1. You may find the KSP tutorials useful: https://github.com/krittikaiitb/tutorials - Tutorials 1,2,3, and 4 are particularly relevant. These cover basic python, numpy, functions in python and matplotlib respectively.

2. A helpful reminder that executing a cell with help (for example: help(np.loadtxt) or np.loadtxt?) will show the documentation for that function.

3. The use of internet is completely ALLOWED for solving this assignment.

4. Feel free to use multiple cells for your solutions, this would make your code easier to understand in a step-by-step fashion. But keep them separate for each question (don't use a cell to solve Q1 after Q2).

5. Try to keep your code neat and make use of comments and/or markdown cells to explain what you have done.

In [2]:
import csv
import numpy as np
from scipy.optimize import curve_fit
import matplotlib.pyplot as plt
from math import e
from datetime import date, timedelta

### Q1: Parsing Form Responses
Suppose that you are a convener and it has been a few months into your tenure. We have organized an event focused at the newly joining freshers(your juniors).

We floated a Google form to collect their details and get them registered. We planned to contact them all via WebMail to send them details of the event.

While going through the responses, you discover that your co-convener forgot to filter inputs in the form! There appear to be many invalid roll numbers - we cannot contact these students via WebMail. Here are the first few entries:

| Sr. No. | Name | Roll Number | Contact Number |
|---------|------|-------------|----------------|
| 1       | MV   | 220070044   | 986937546      |
| 2       | DV   | 22b280013   | 961101307      |
| 3       | RR   | 21070042    | 908204532      |
| 4       | YB   | 220030019   | 947226579      |

As you can see, we can already see an erroneous LDAP in the $3$rd input.

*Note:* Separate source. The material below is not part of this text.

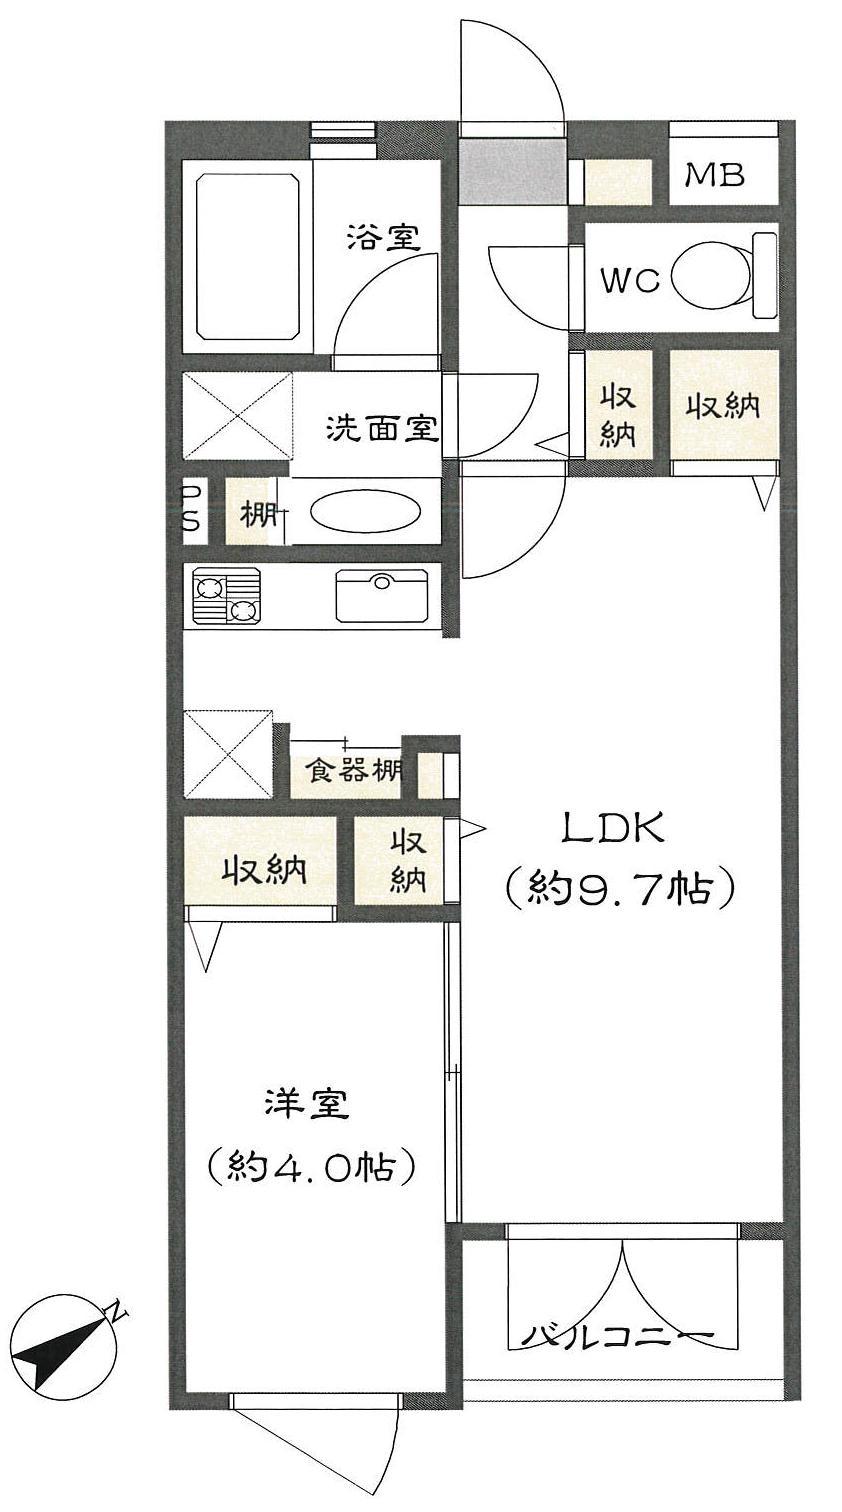 Floor plan. 1LDK, Price 19 million yen, Occupied area 35.46 sq m , Balcony area 3.22 sq m

Your task here is to find out the submissions with wrong roll numbers and filter them out. We would reach out to such people using their contact numbers. Your final output should be the names and contact numbers of these people.

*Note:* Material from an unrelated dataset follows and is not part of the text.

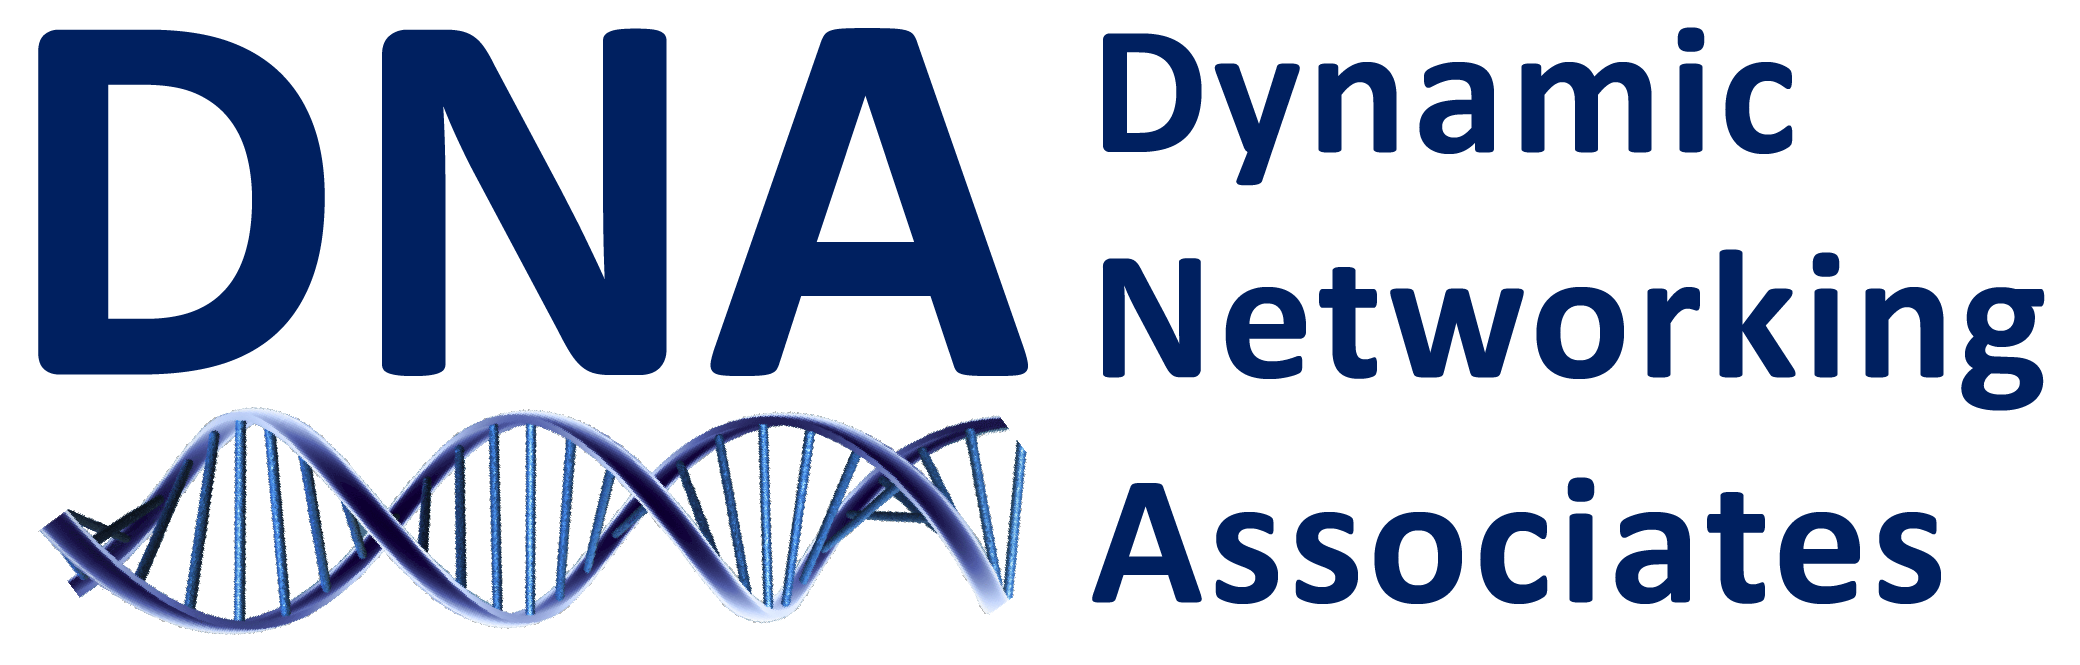 DNA dynamic networking associates

*PS : As you might suspect, this data is sourced from an actual event from our tenure. It has been anonymized and the errors have been exaggerated :)*

In [None]:
file1 = 'Dataset_Q1.csv' #this is the CSV file that countains all the responses

Feel free to use any libraries/standard functions that you might need to solve this problem.

In [None]:
with open("Dataset_Q1.csv","r",newline="\n") as f:    #if newline is not specified an empty list is added after each row of data
    r = csv.reader(f)
    for i in r:
        if i[1]=='Name':    #excluding the heading line
            continue
        if len(i[2].strip())!=9:     #if roll number does not have 9 digits
            print("Name: ",i[1],"  Contact: ",i[3])
        elif int(i[2][0:2]) > 22:    #if roll number has admission year > 2022
            print("Name: ",i[1],"  Contact: ",i[3])


#### Bonus part:
Amongst the valid entries, what proportion are actually freshers? Remember that we intended to target them with this event. The majority seem to be freshers but you will also find some second and third year students. You can identify each of these groups by the first two digits of their roll numbers. 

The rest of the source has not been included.